## Dataset section
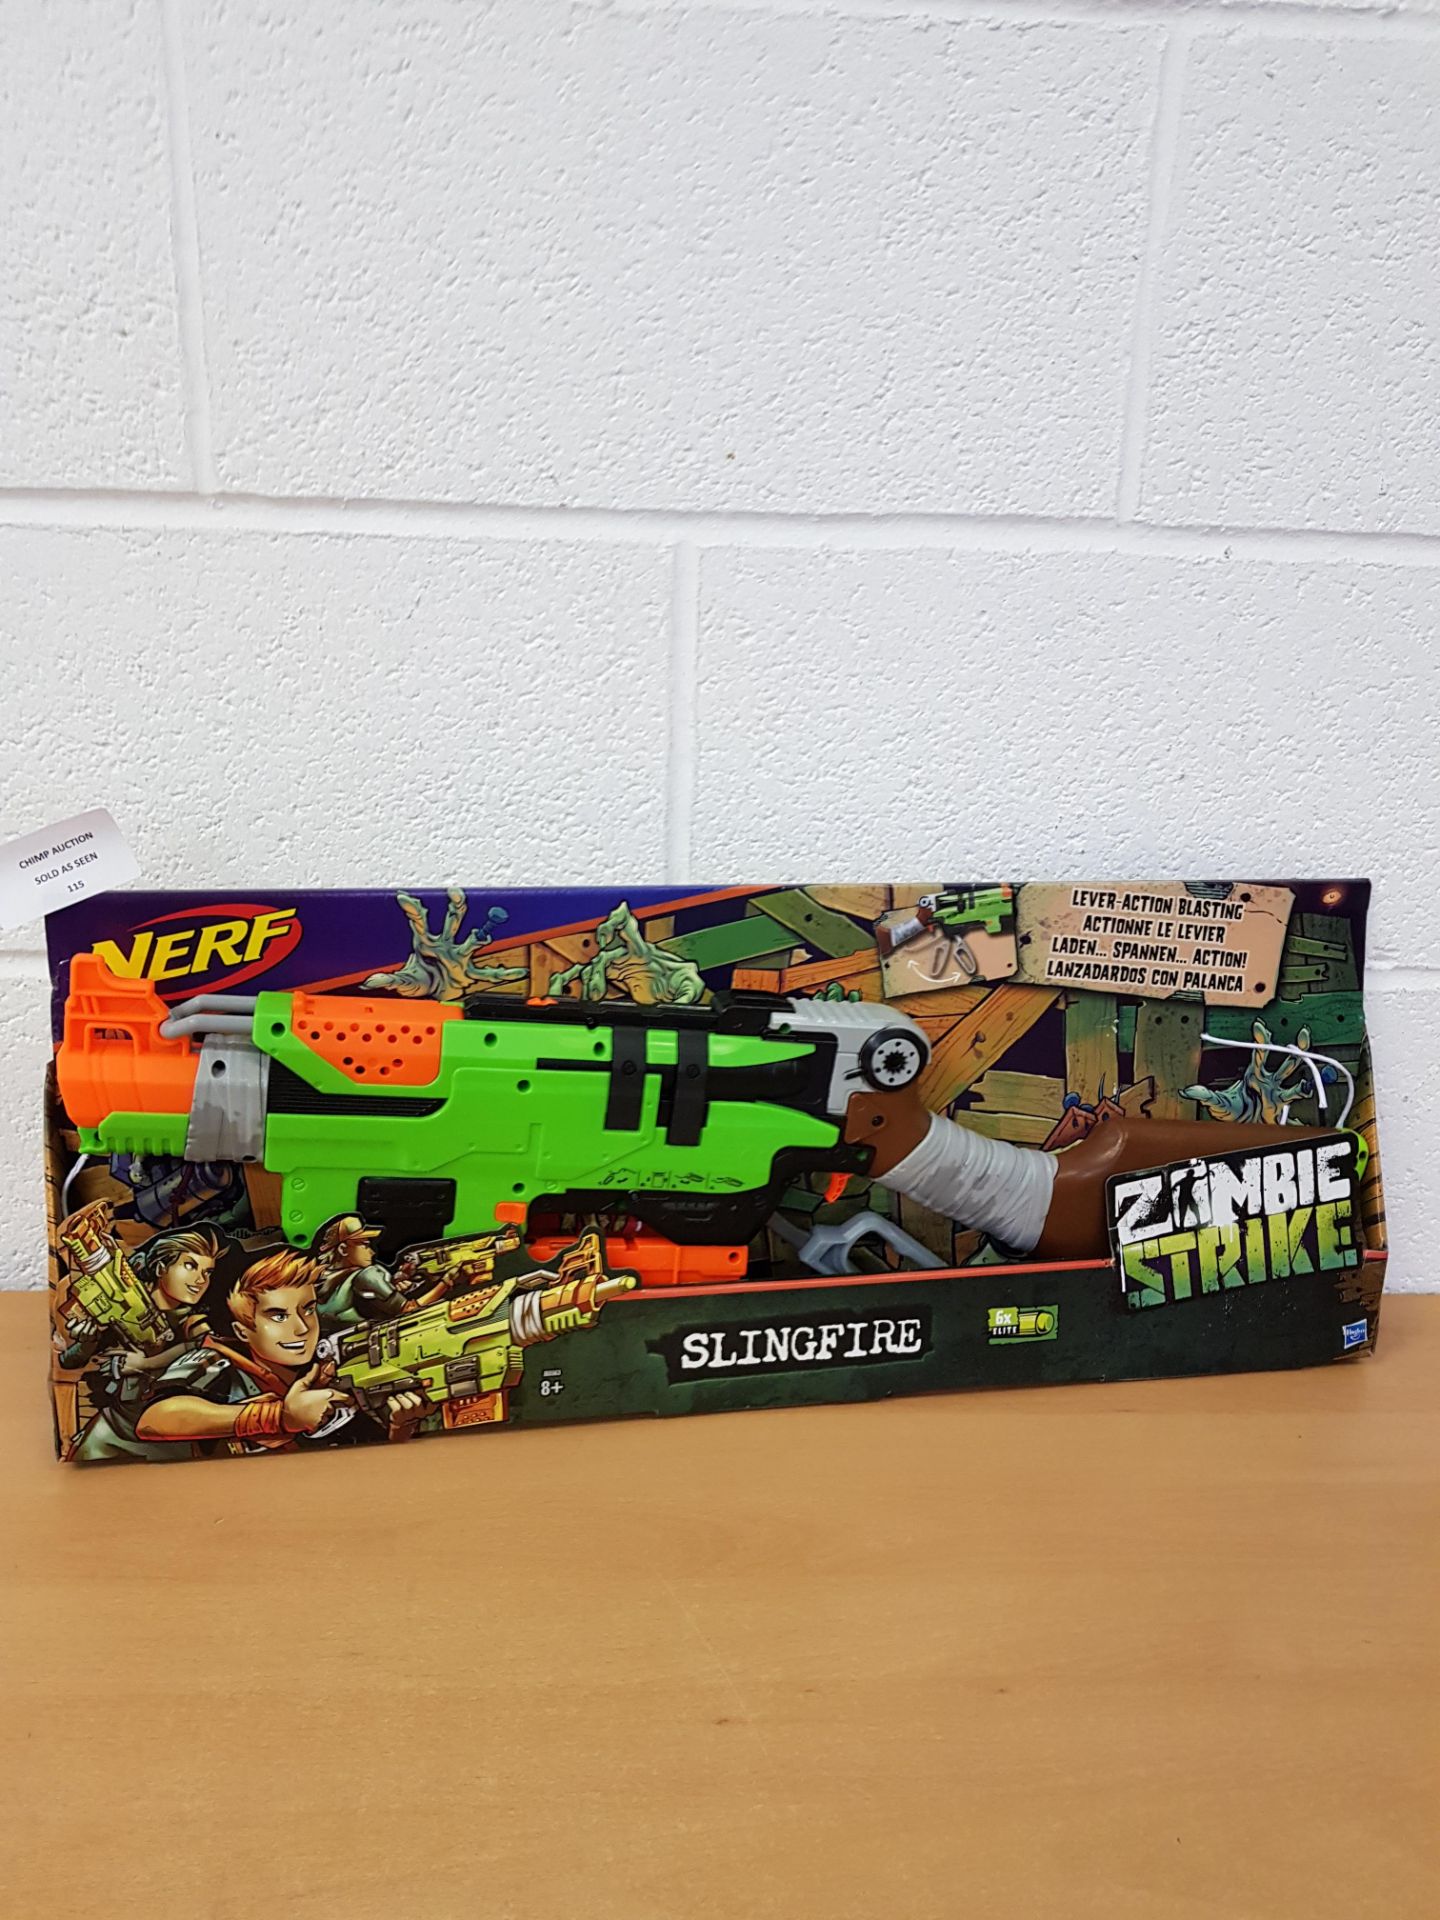 Nerf Zombie Strike Slingfire Shooter
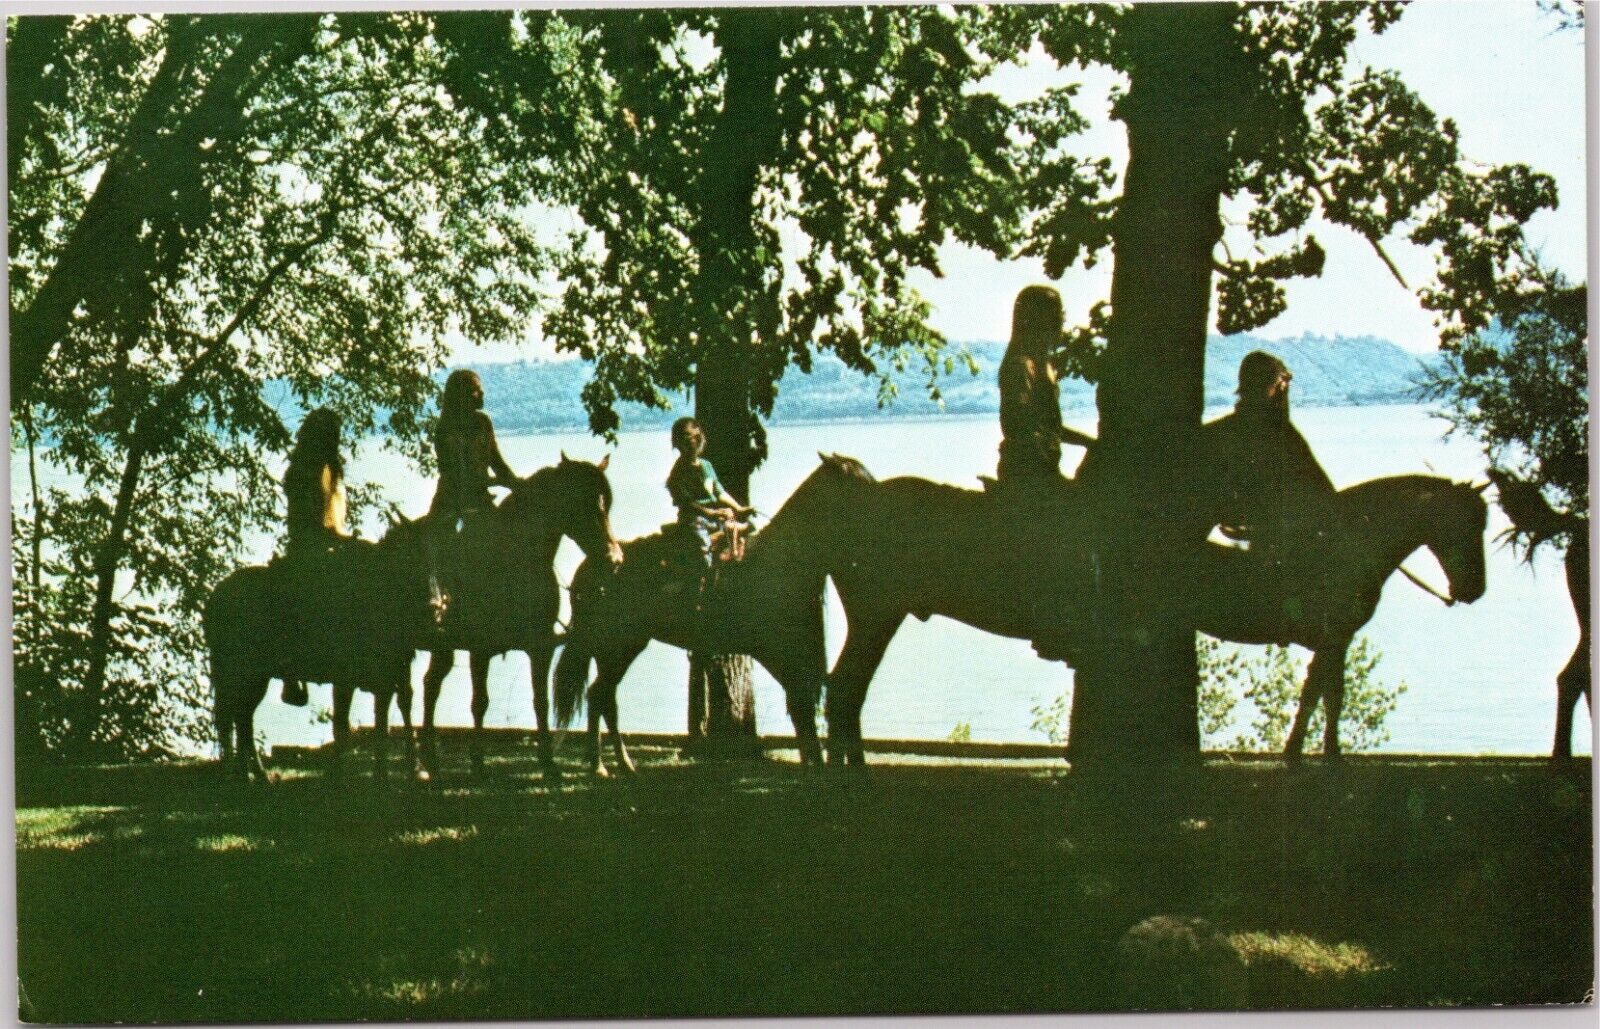 Camp Villa Maria - people on horseback - Frontenac Minnesota
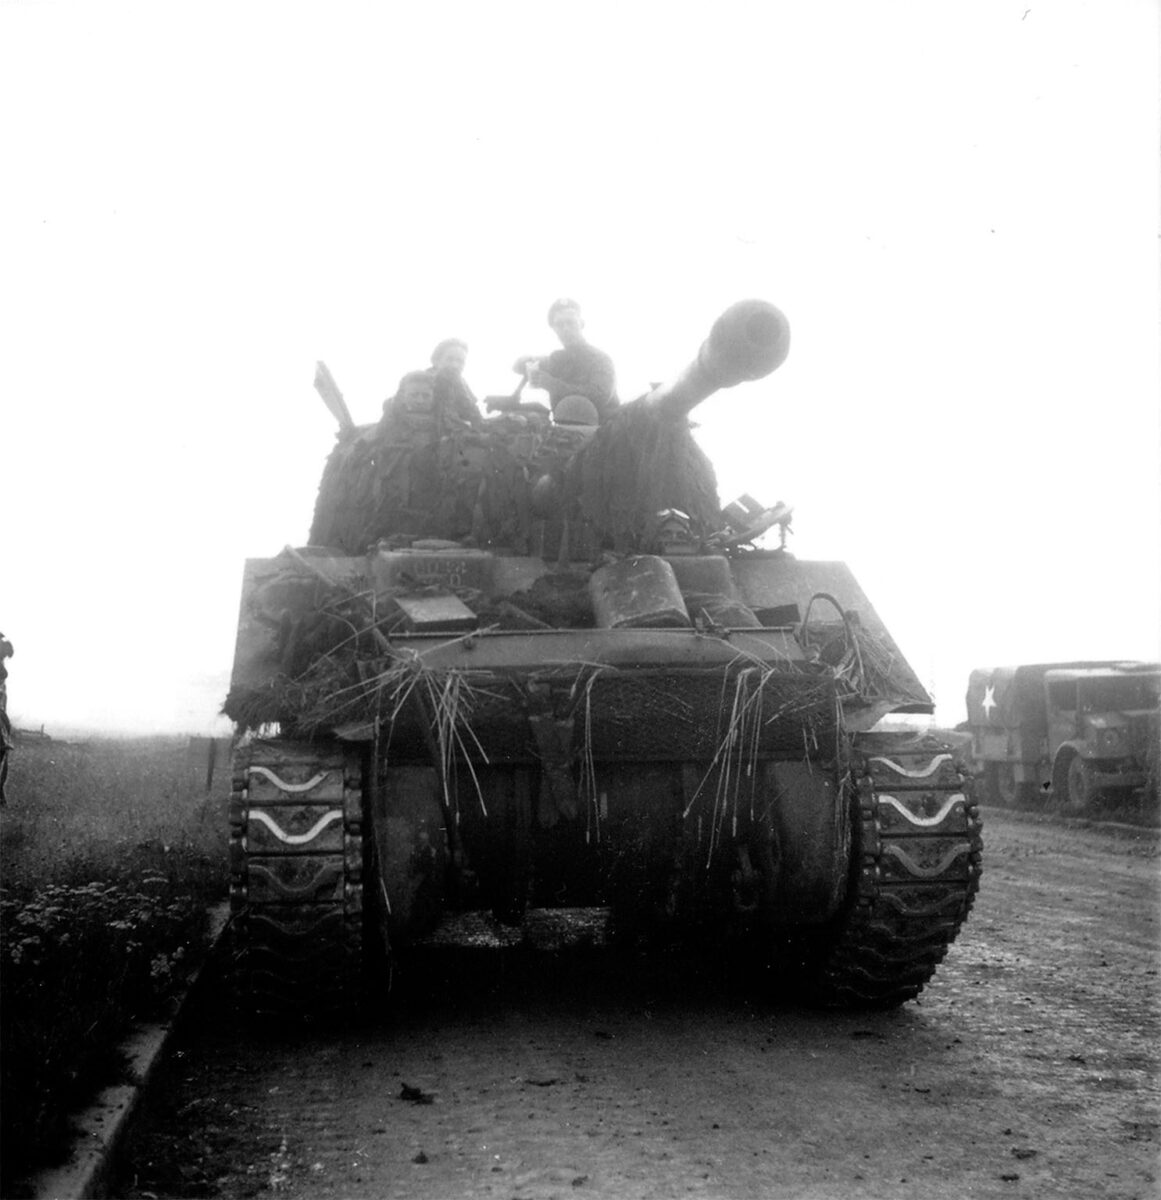 Medium tank M4 Sherman Firefly

## Brief
Print the material word for word; images are to be left out.

## Output
 Nerf Zombie Strike Slingfire Shooter
 Camp Villa Maria - people on horseback - Frontenac Minnesota
 Medium tank M4 Sherman Firefly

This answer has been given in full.